Cronista · · 6 interventi
IL CASO ABU OMAR.

Da Repubblica online.

La Corte dice no alla richiesta avanzata dall'ex numero due del Sismi Mancini
Emergono altri retroscena dall'interrogatorio dell'ex capo della security Pirelli

Tavaroli: "Non escludo che Letta sapesse del sequestro di Abu Omar"

La Corte di Cassazione: niente trasferimento a Brescia, il processo resta a Milano.


MILANO - "Mancini aveva rapporti molto stretti con il sottosegretario Gianni Letta, non escludo che gli abbia parlato del sequestro di Abu Omar". Così l'ex capo della security Pirelli Tavaroli ha risposto il 4 ottobre al procuratore aggiunto Ferdinando Pomarici. Nel chiarire un colloquio avuto a giugno con il giornalista Claudio Antonelli (anche lui indagato per favoreggiamento) ha dichiarato a verbale: "Non escludo (...) di avere ipotizzato che, se davvero - come si diceva sui giornali - il Sismi e Marco Mancini personalmente erano coinvolti nell' episodio, dati i suoi rapporti personali con l'on.le Letta, egli gliene abbia parlato".

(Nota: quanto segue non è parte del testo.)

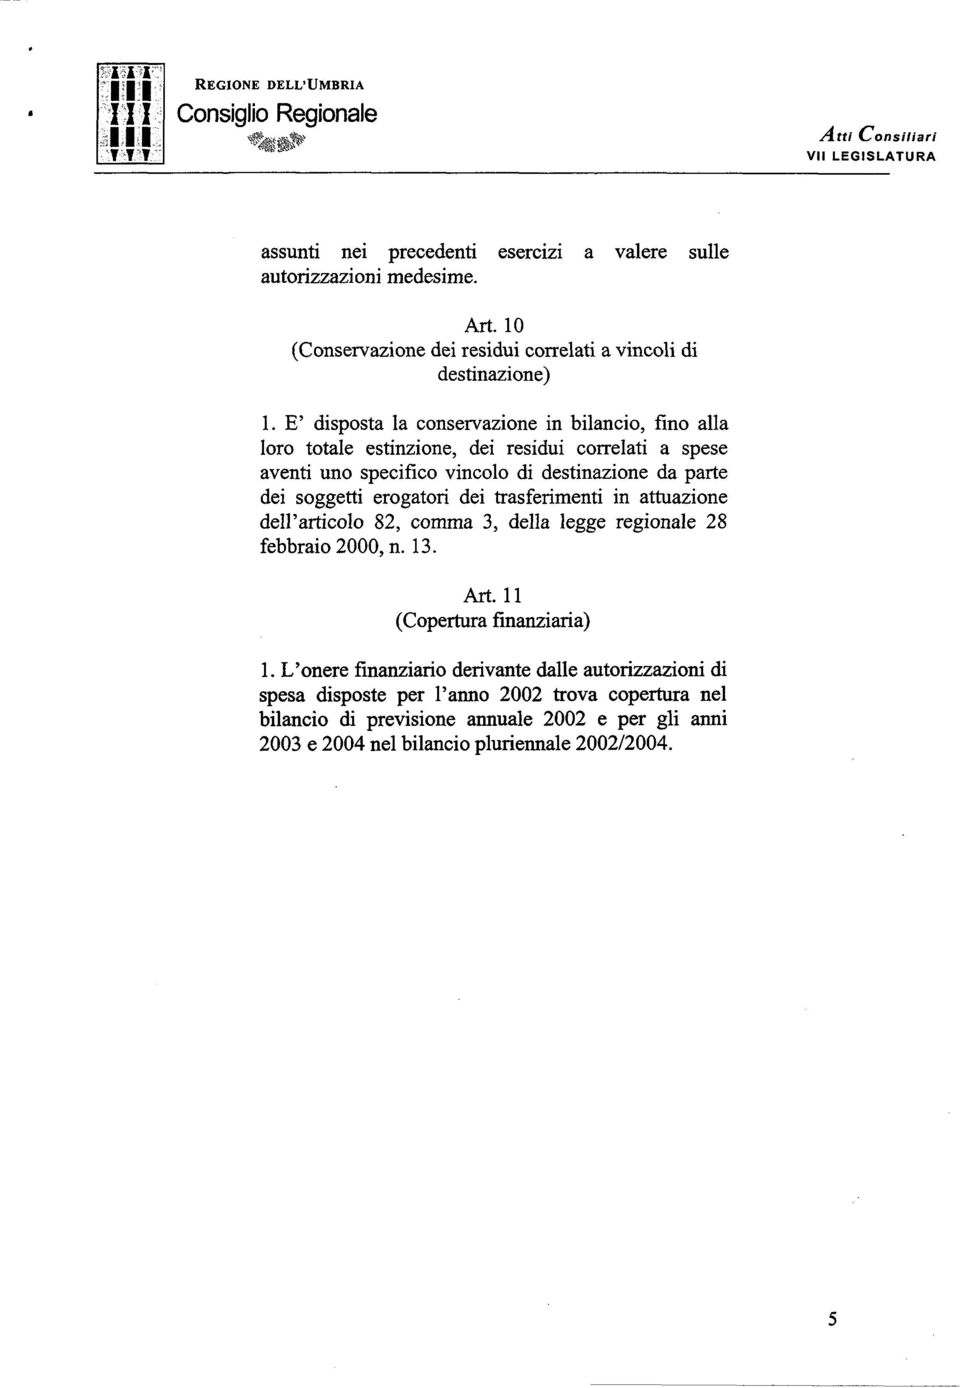 erogatori dei trasferimenti in attuazione dell articolo 82, comma 3, della legge regionale 28 febbraio 2000, n. 13. Art. 11 (Copertura hìnziaria) 1.

La decisione. La Corte di Cassazione ha rigettato la richiesta di trasferimento da Milano a Brescia dell'inchiesta sul rapimento di Abu Omar, avanzata dai legali di Marco Mancini, l'ex capo del controspionaggio del Sismi.

Secondo la Cassazione è predominante il principio del giudice naturale e non c'è continuazione tra le indagini appena chiuse a Milano e lo stralcio, già trasferito a Brescia, relativo alla telefonata intercettata tra il giornalista Giuseppe D'Avanzo e il procuratore aggiunto milanese Armando Spataro.

Proprio ieri il tribunale del riesame di Brescia aveva provveduto al dissequestro del pc del giornalista di Repubblica, Carlo Bonini, messo in atto dalla procura della stessa città, dichiarandolo "illegittimo".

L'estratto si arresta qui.